Down at the tooling level, this data has a few common entry points. The /debug/pprof/heap of net/http/pprof gives the heap profile (which piece of code allocated how much); its top # runtime.MemStats comment block prints exactly the fields above, and is the first glance for quickly judging the shape. On the command line, GODEBUG=gctrace=1 prints one line per GC round, in which the CPU fraction is GCCPUFraction and the pause is the value of PauseNs for that round.

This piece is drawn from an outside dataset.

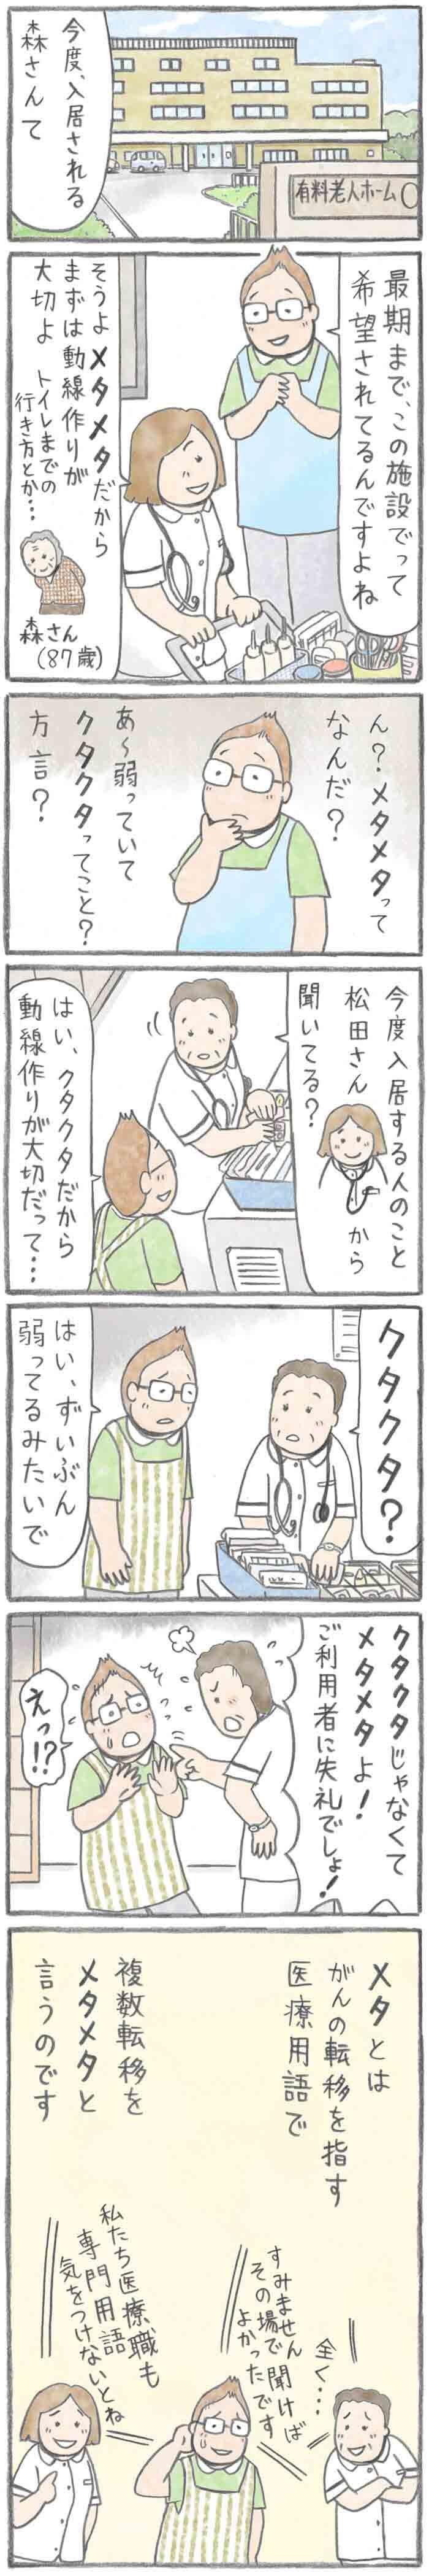 comictohoho_20200528_2_01.jpg

Monitoring systems, by contrast, should go through runtime/metrics: periodically metrics.Read a chosen few metrics and export them to a backend like Prometheus. The typical questions to answer and the corresponding metrics are a fixed few groups: whether there is a leak, watch whether /gc/heap/objects:objects rises monotonically; physical occupation, take /memory/classes/total:bytes minus /memory/classes/heap/released:bytes; whether GC is too frequent, watch the growth rate of /gc/cycles/total:gc-cycles; whether pauses exceed limits, watch the tail quantile of the /gc/pauses:seconds histogram. Plot these few as time series and the process’s memory behavior is plain to see, without stopping the whole world for a single sample.

When reading these numbers, always carry that dividing line from 12.8.1: address space (the Sys series) is naturally on the large side, and what truly measures “how much memory the program ate” is the pile actually in use. Confusing the two is the most common, and most time-wasting, misjudgment in memory troubleshooting.